The Toronto event took place less than a year after the Sept. 11, 2001, terrorist attacks in the United States and Pope John Paul refused to ignore it.
"Last year, we saw with dramatic clarity the tragic face of human malice. We saw what happens when hatred, sin and death take command," the pope said. "Too many lives begin and end without joy, without hope. That is one of the principal reasons for World Youth Day. Young people are coming together to commit themselves, in the strength of their faith in Jesus Christ, to the great cause of peace and human solidarity."
"The future," he told them, "is in your hearts and in your hands."
The German Pope Benedict inherited from Blessed John Paul the 2005 celebration of World Youth Day in Cologne and brought to the encounters a sense of the seriousness of the Christian call. His love for the young Catholics translated into trust that they not only could understand the core teachings and traditions of the church, but that they wanted to learn more about them.
Under Pope Benedict, the evening vigil was transformed from a rally into a mass moment of eucharistic adoration, surprisingly silent and devout, given the fact that it involved tens of thousands of young people on their knees in the dirt on a wide open field.
At World Youth Day in Sydney in 2008, Pope Benedict emphasized the importance -- and real possibility -- of living a holy life by following the faith taught by the church and being open to the gifts of the Holy Spirit.
World Youth Day in Madrid in 2011 ended up being dramatic when sweltering heat gave way to a storm -- complete with thunder, wind and rain -- that knocked out the power at the traditional Saturday night vigil. Pope Benedict refused to leave.
"The Lord loves you and calls you his friends," he told the young people at Mass the next morning.
Their response, he said, must be to accept that love and share it with their peers who know, deep down, that "authentic values do exist" and will lead to a life of joy.
Pope Francis inherited WYD Rio from Pope Benedict, who chose the theme: "Go and make disciples of all nations." It's a theme that's right up Pope Francis' alley.
With the young people, he's likely to use the word he's repeated most in his morning homilies and his meetings with Catholic groups; his Italian "Avanti!" is likely to resound in Spanish ("Adelante!"), Portuguese ("Adiante!") and English ("Go forth!").
For Pope Francis, going forth literally requires motion. It's about leaving the comfort of one's group or parish and sharing the Gospel both through serving the poor and wounded and through proclaiming faith in Jesus with words, smiles and embraces.

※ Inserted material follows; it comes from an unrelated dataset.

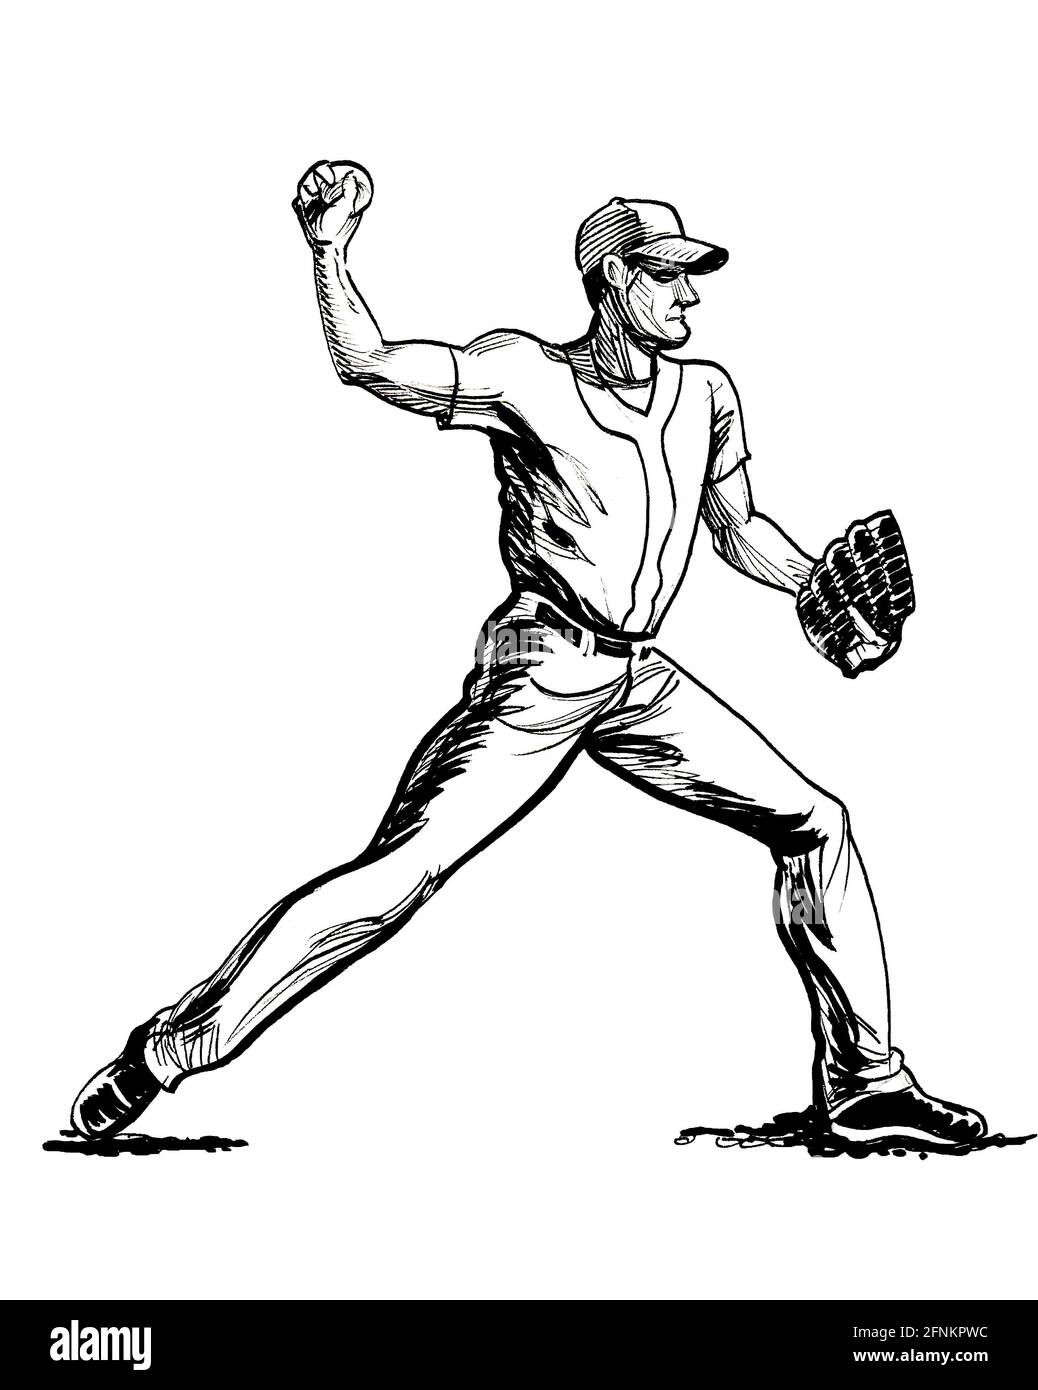 drawing baseball pitcher

Meeting with seminarians and novices July 6, the pope said: "Be courageous in prayer and in going out to proclaim the Gospel. I'd like a more missionary church, not one that seeks tranquility" above all; "a beautiful church that goes forth."
Even the eucharistic adoration that Pope Francis practices regularly and will share with the young people in Rio has a deep dimension of outreach.
As he said in June on the feast of the Body and Blood of the Lord, "in adoring Christ who is really present in the Eucharist," Catholics should ask themselves: "Do I let myself be transformed by him? Do I let the Lord who gives himself to me guide me to going out ever more from my little enclosure in order to give, to share, to love him and others?"